▶ EXERCISE GOAL:
Repeat the listing below in full and exactly. Pictures are to be omitted.

====== DATA

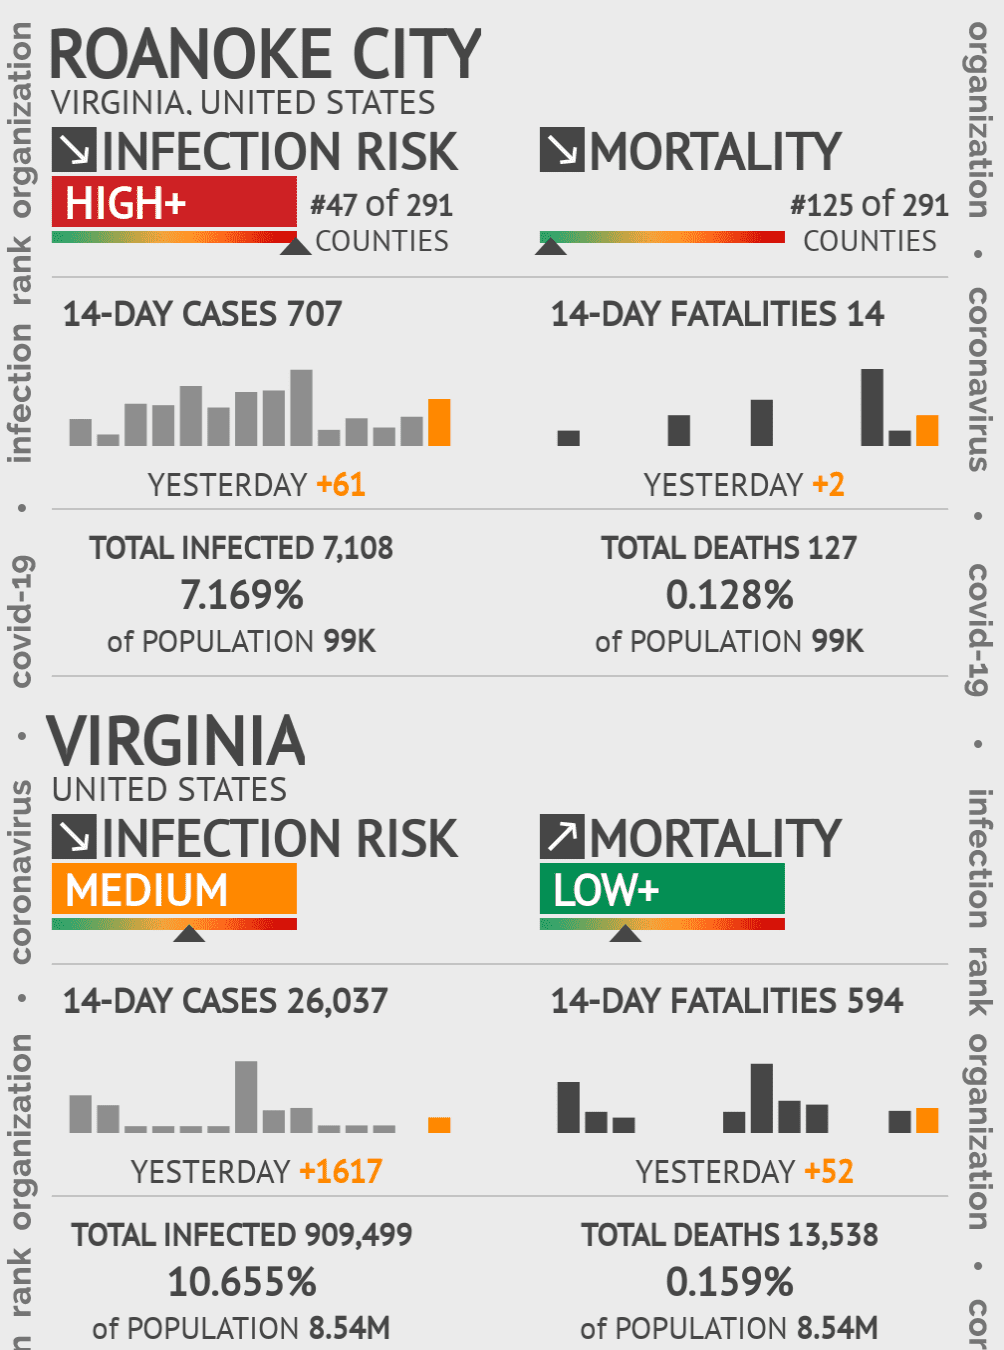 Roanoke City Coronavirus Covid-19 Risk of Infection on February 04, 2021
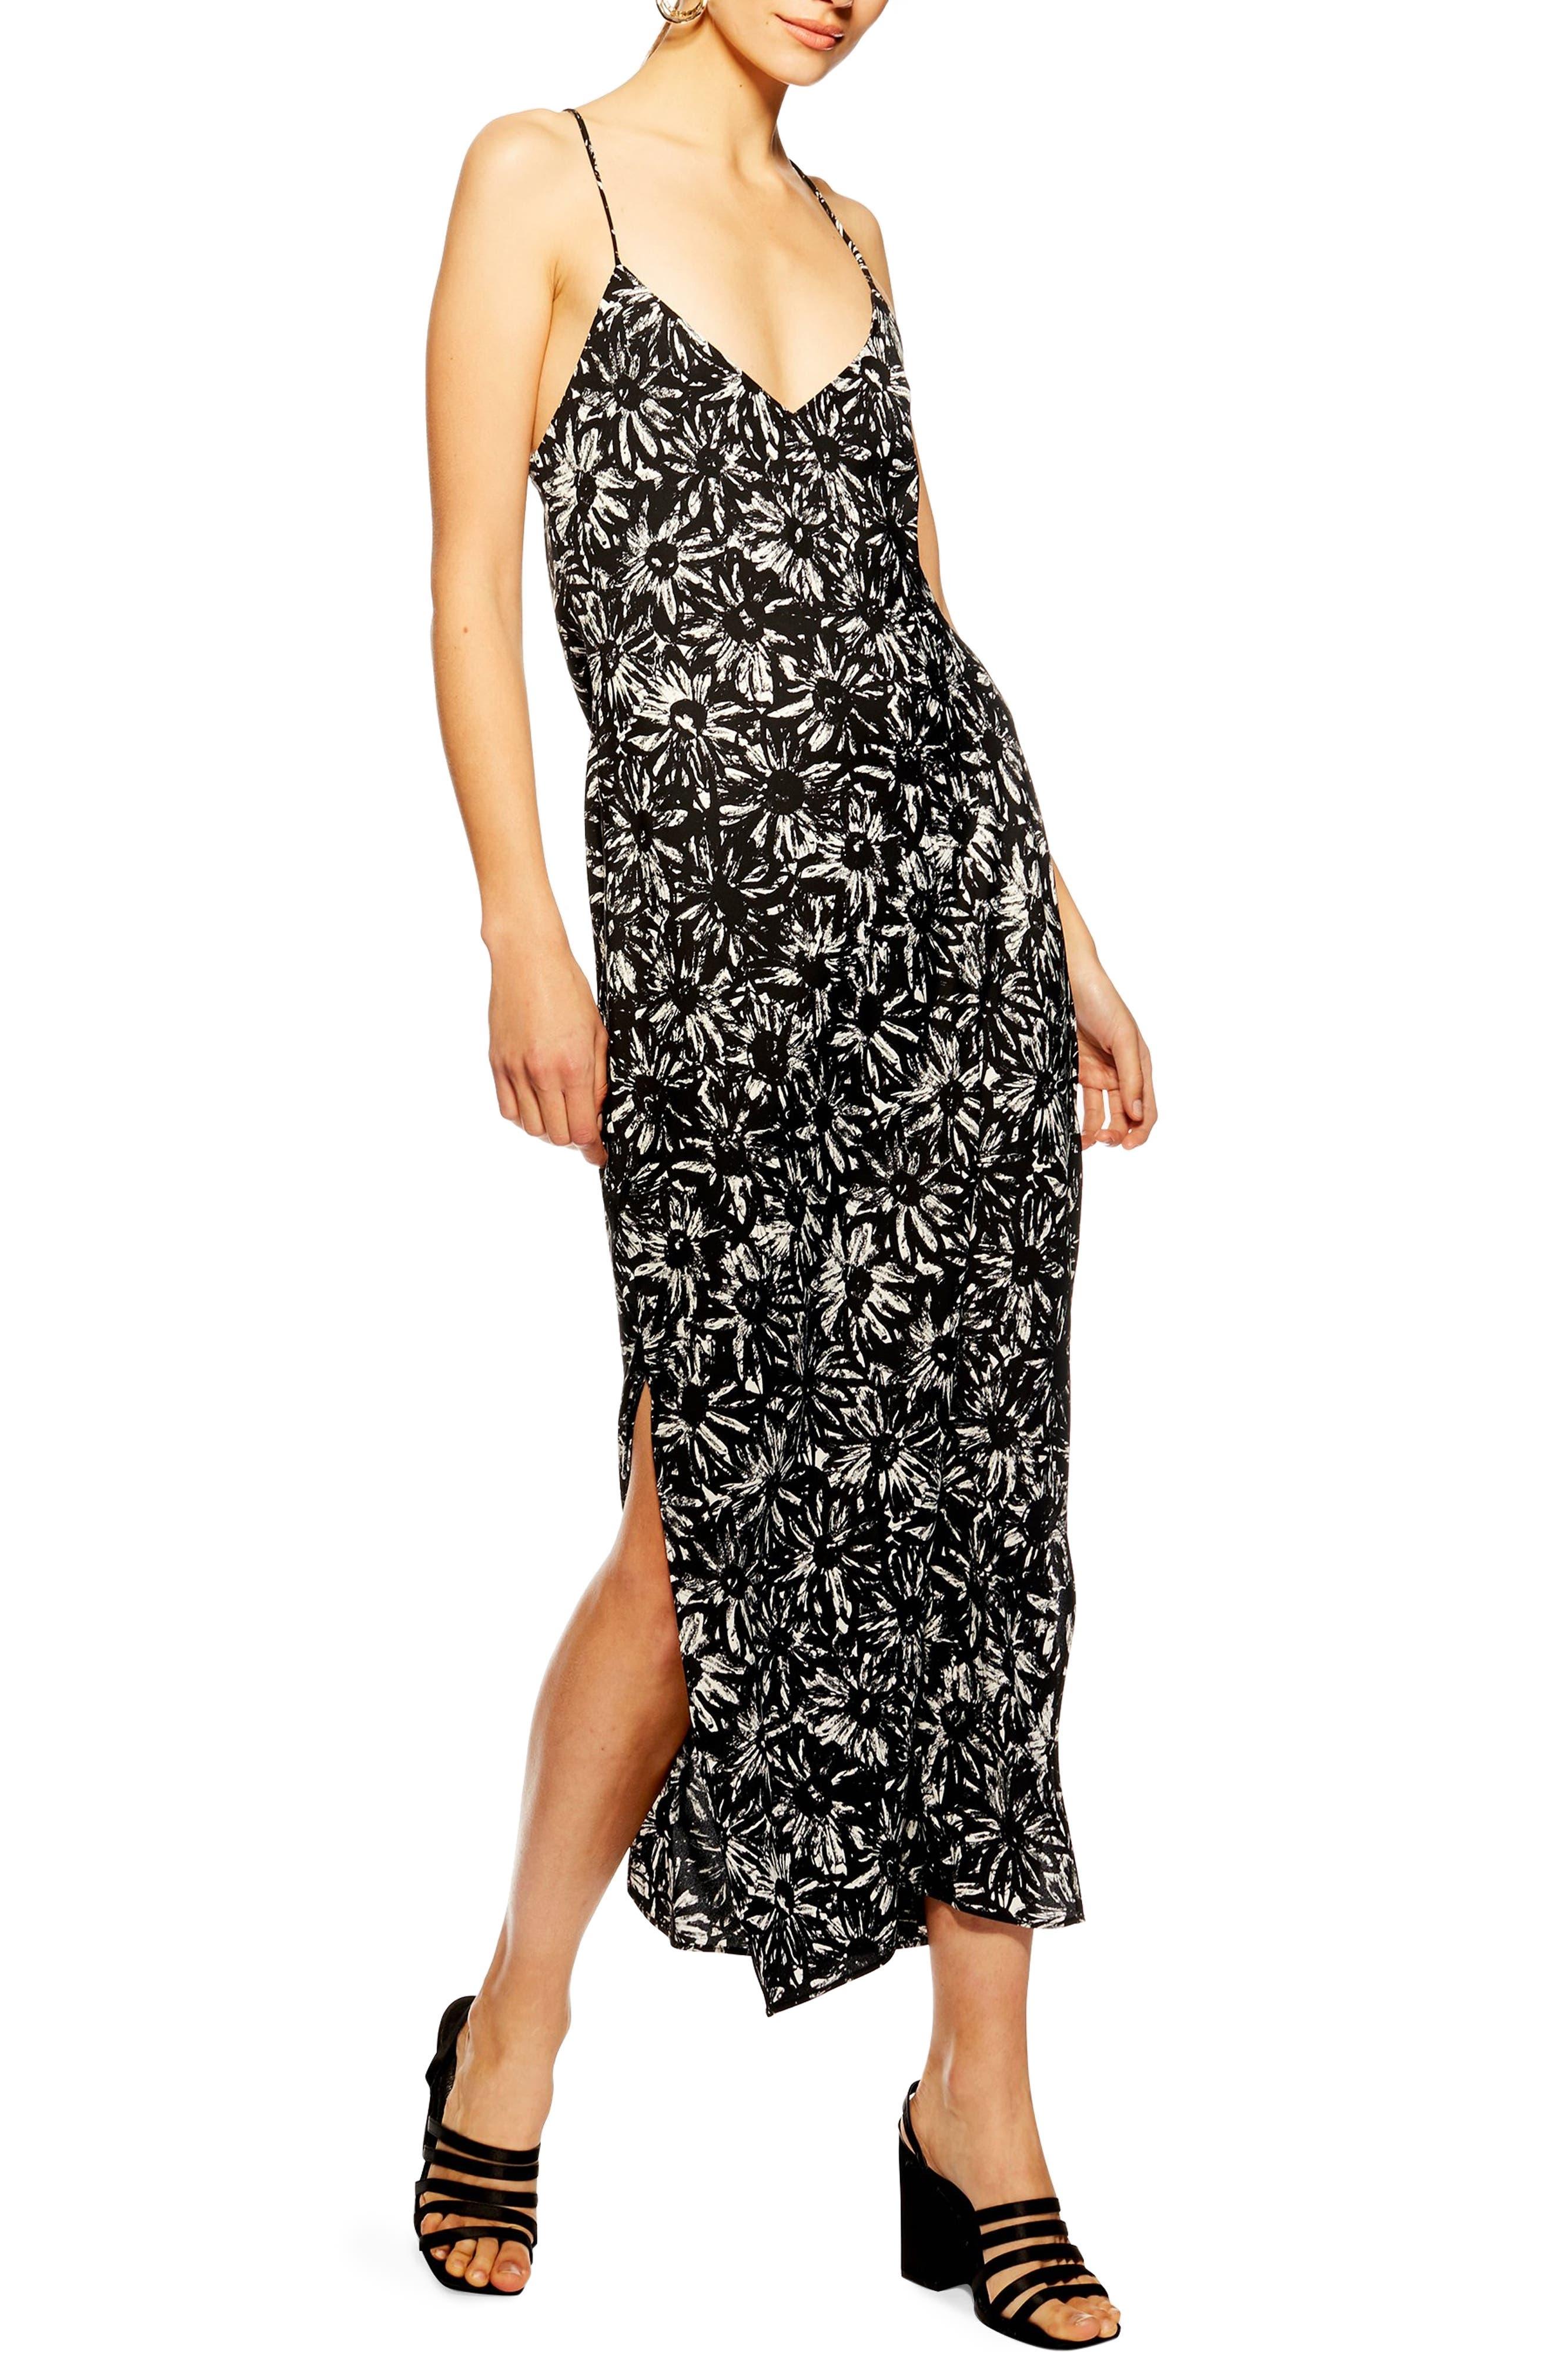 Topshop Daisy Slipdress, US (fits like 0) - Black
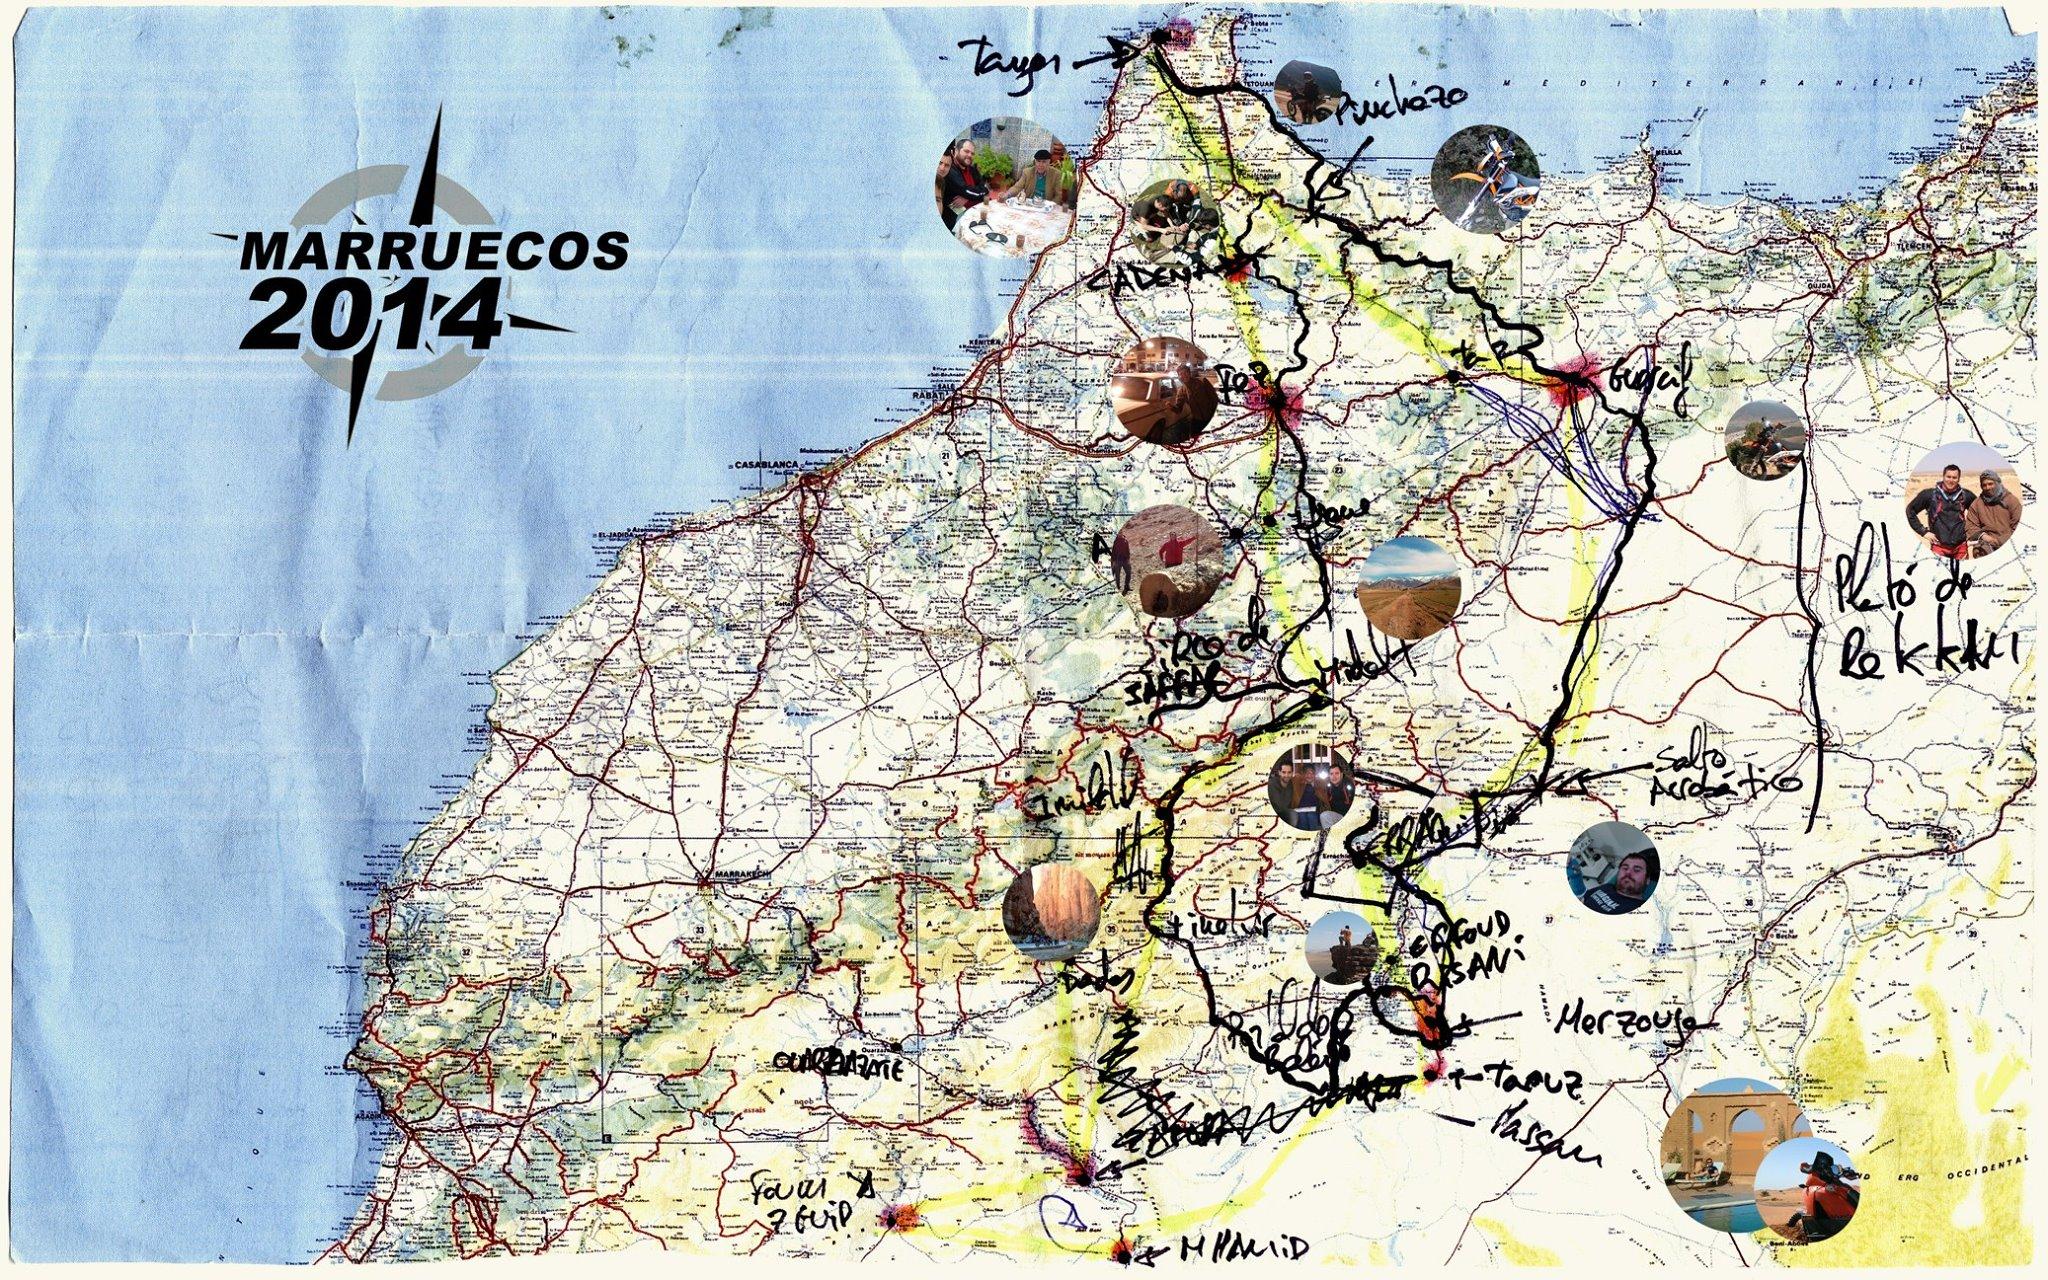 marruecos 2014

============

▶ ANSWER SPACE:
 Roanoke City Coronavirus Covid-19 Risk of Infection on February 04, 2021
 Topshop Daisy Slipdress, US (fits like 0) - Black
 marruecos 2014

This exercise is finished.